Why Taq Polymerase is Useful

•  Thermus aquaticus, a heat-resistant bacterium.
•  Taq polymerase can withstand high temperatures.
•  Essential for PCR cycling.

How PCR Works

•  Denaturation (94°C): Separates DNA strands.
•  Annealing (45-65°C): Primers bind to target DNA.
•  Extension (72°C): Taq polymerase extends primers.

Applications of PCR

•  Amplifying tiny DNA amounts.
•  Medical-genetic analysis.
•  Forensic science (e.g., DNA profiling).
•  Analyzing archaeological and ancient DNA.

Specific Mutation Creation using PCR

•  Mutated primers introduce mismatches.
•  These mismatches are incorporated into the new DNA.

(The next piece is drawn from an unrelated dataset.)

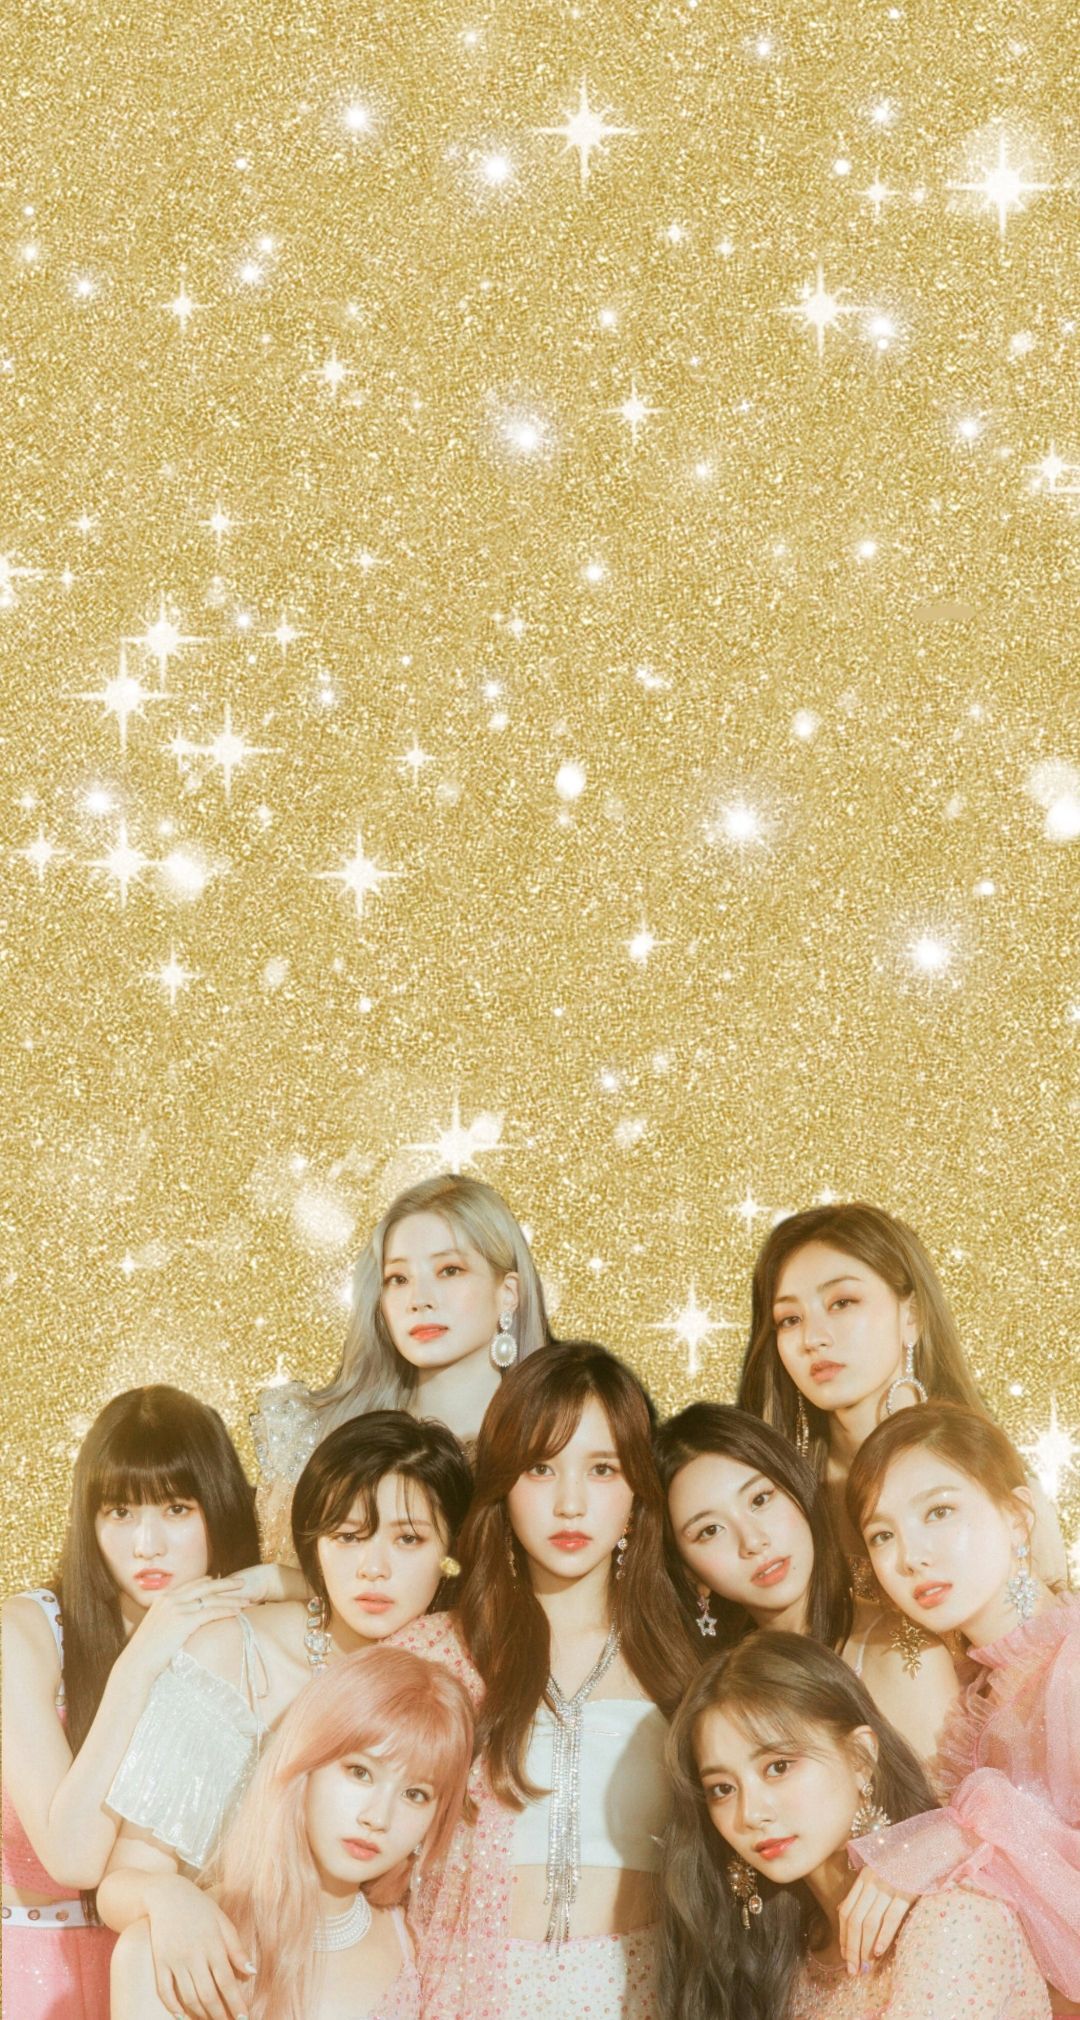 Twice More And More Wallpapers

Sequencing of Archaic Hominin Genomes

•  Nuclear DNA from fossil Neanderthals amplified & compared to modern DNA.
•  Europeans and Asians share 4-5% of their genes with Neanderthals.
•  Gene flow is detected from Neanderthals into modern humans, not the reverse.
•  Suggests male Neanderthal/female human couplings.

Visualizing PCR Reactions

•  Agarose gel electrophoresis.
•  DNA fragments separated by size under electricity.
•  Fluorescent dye marks the DNA.
•  UV light visualizes DNA fragments.

Multiplex PCR

•  Identifies specific primer sets at once from different chromosomes.
•  Combined DNA Index System (CODIS) in forensic science.

Description

This quiz covers key concepts from Lecture 10 on DNA sequencing techniques and PCR. It discusses various methods of DNA sequencing, including the Sanger method, and the important role of dideoxynucleotides in terminating DNA synthesis. Test your understanding of these fundamental molecular biology techniques.